R01 grant renewal awarded to pharmacy-engineering research team

Feb. 14, 2017
By Cynthia McMullen, VCU School of Pharmacy

VCU School of Engineering professor P. Worth Longest, Ph.D., and VCU School of Pharmacy professor Michael Hindle, Ph.D., have received a $2.4 million, four-year renewal of a National Institutes of Health grant originally awarded in 2011.

The original and current R01 grants were provided by the National Heart, Lung and Blood Institute. As co-principal investigators, Hindle and Longest have been using computational fluid dynamics simulations and realistic in vitro airway models to find ways to improve aerosol drug delivery during various forms of non-invasive ventilation (respiratory support provided via a mask or nasal prongs).

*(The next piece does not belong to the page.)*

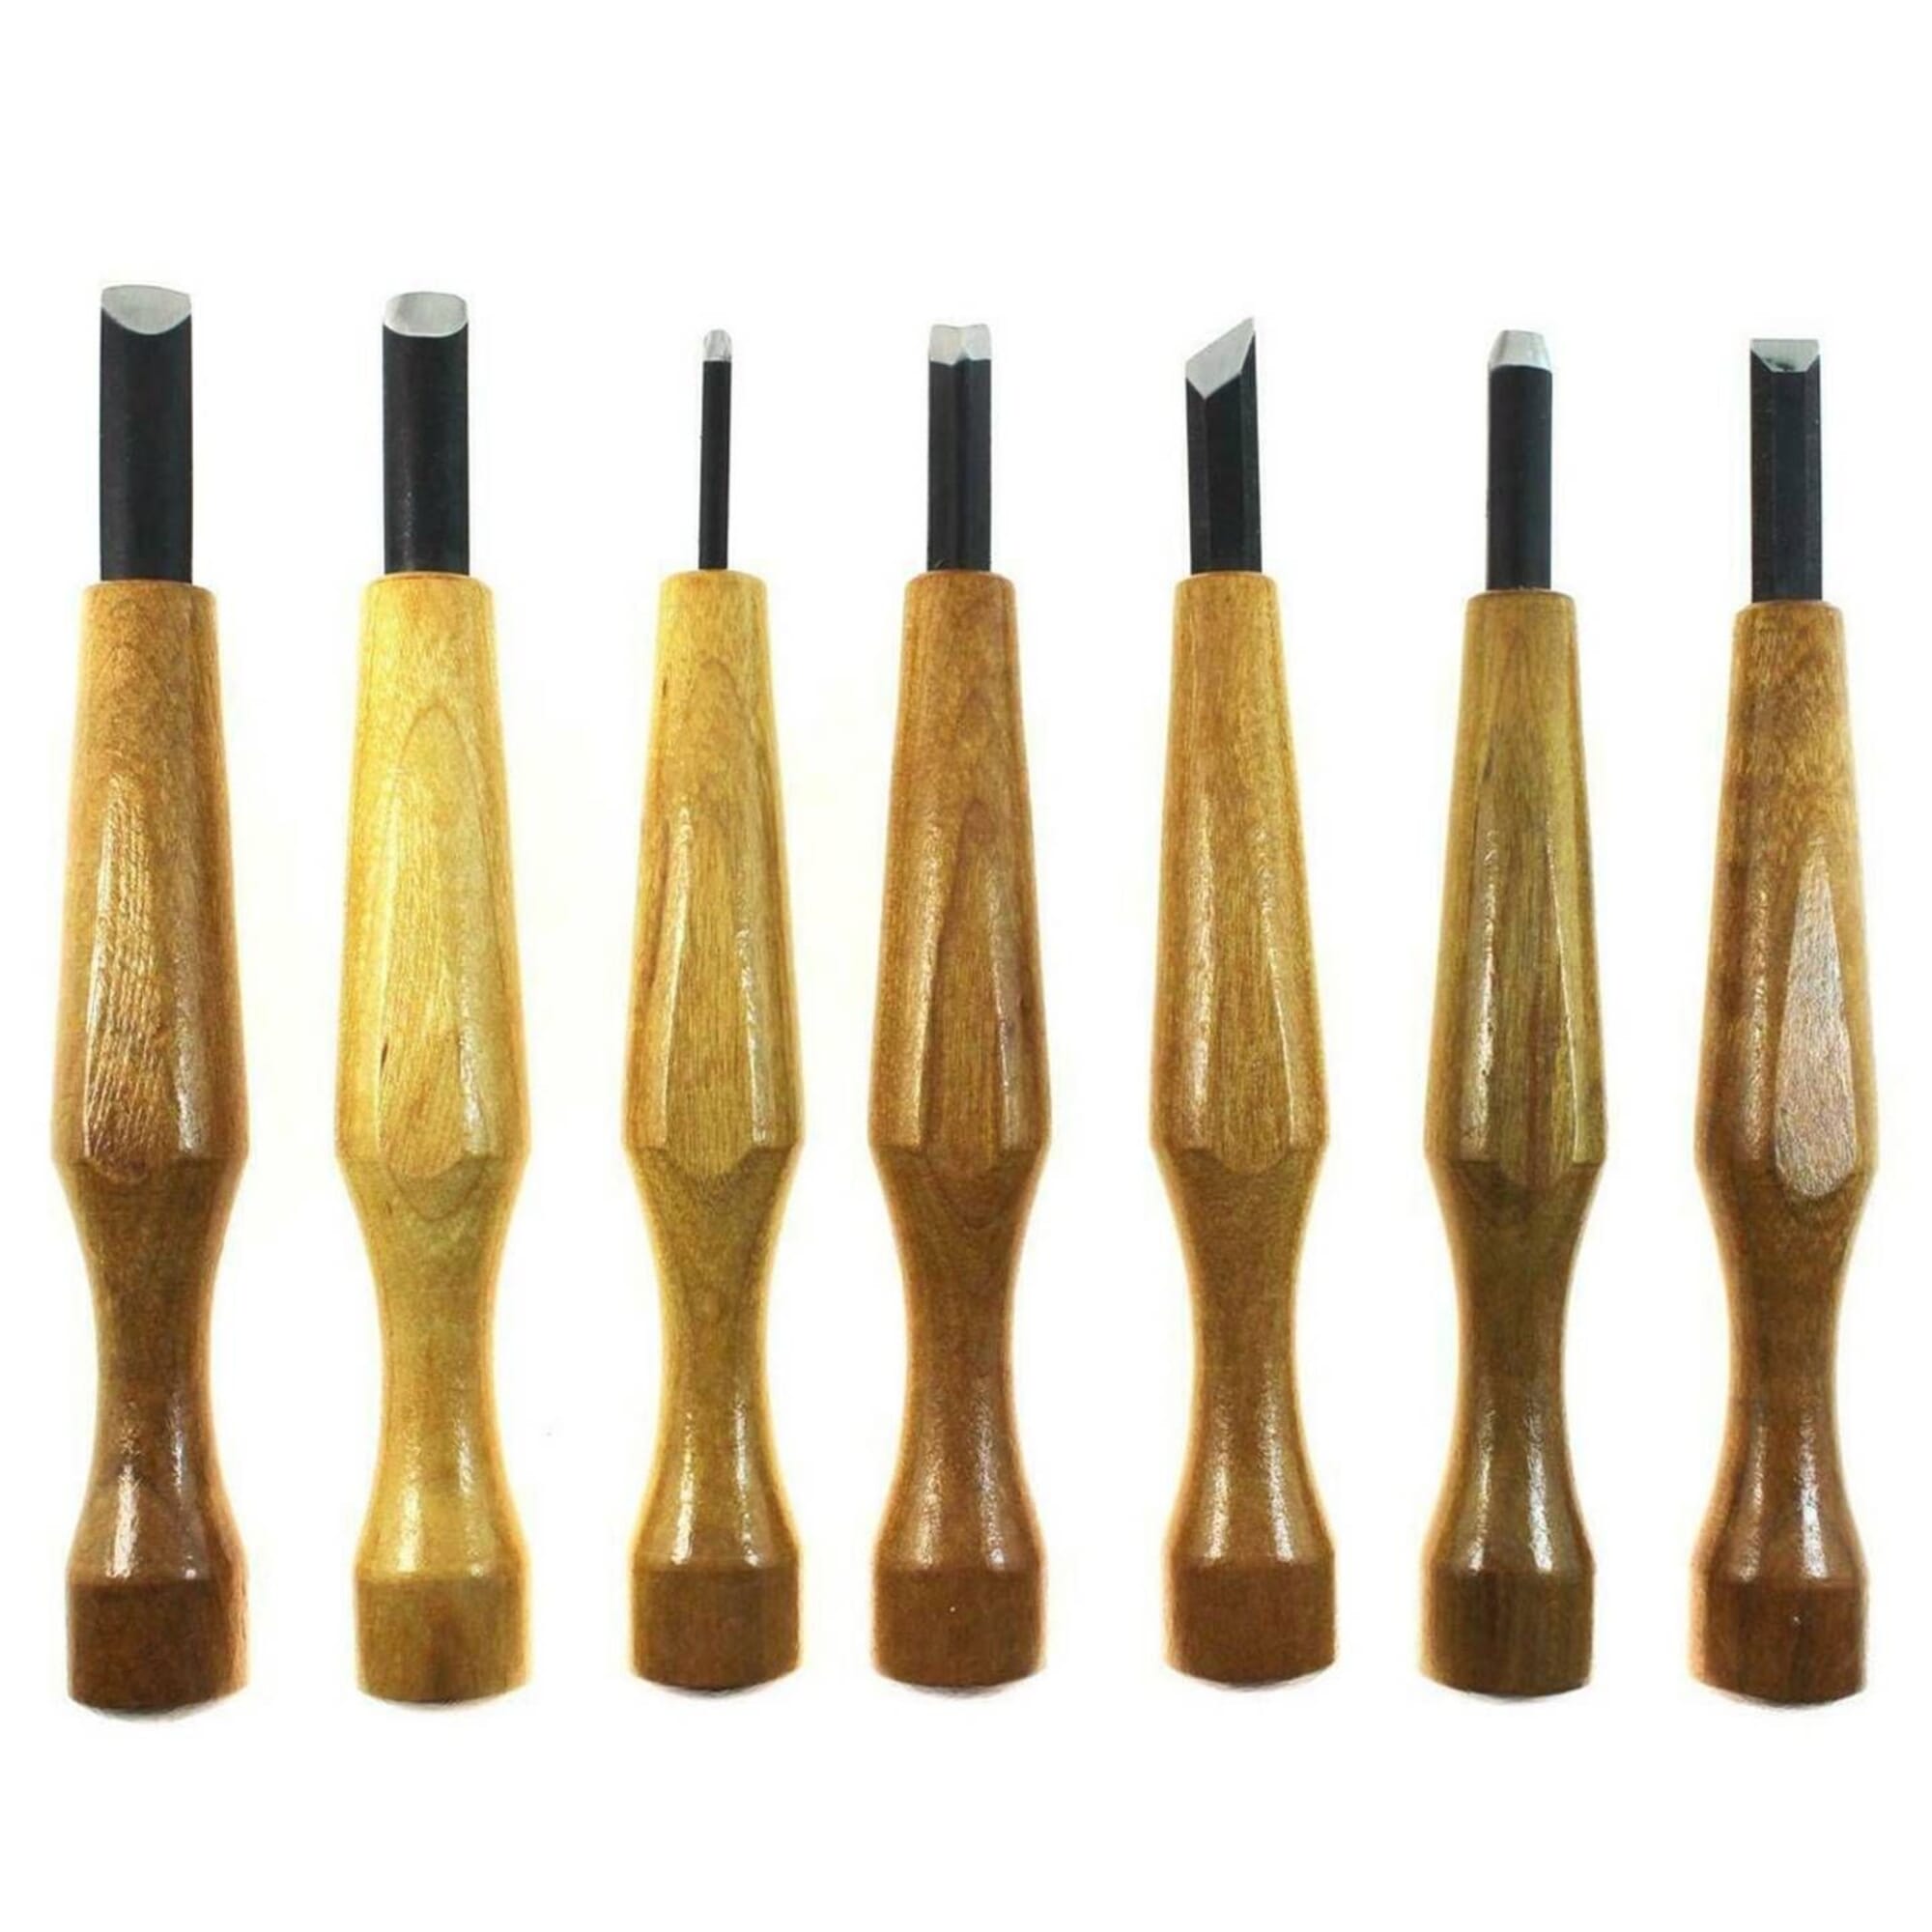 Wood Carving Tools - Lee Valley Tools

Administering aerosols to the lungs via the nose is convenient for patients receiving noninvasive ventilation. But as the aerosol is delivered to its destination in the lungs, medication can be lost and wasted, drug effects can be reduced and side effects potentially can be increased. Longest and Hindle have developed a new small-particle, excipient enhanced growth aerosol device that demonstrates more efficiency in reaching the lungs, reduction of variability in dose effects among subjects and better targeting of small airways.

The renewal grant will allow researchers to translate this novel high-efficiency aerosol delivery technology and test it for the first time with human subjects.

The interdisciplinary study will be performed completely within VCU by Hindle and Longest along with the School of Medicine’s Aamer Syed, M.D., Chris DeWilde, R.N. and Anna Priday, VCU Johnson Center for Critical Care and Pulmonary Research; Jamal Zweit, Ph.D., and Sundaresan Gobalakrishnan, Ph.D., Center for Molecular Imaging; and Melvin Fratkin, M.D., and Jianqiao Luo, Ph.D., Department of Radiology.

Longest and Hindle have collaborated on a number of research projects over the years to improve aerosol inhaler mouthpiece technology, develop novel aerosol inhaler concepts and investigate aerosol deposition in realistic oropharyngeal models. Initial seed funding for this project was supported by the Innovation Gateway at VCU and an Interdisciplinary Research Grant from the Schools of Dentistry, Pharmacy and Engineering.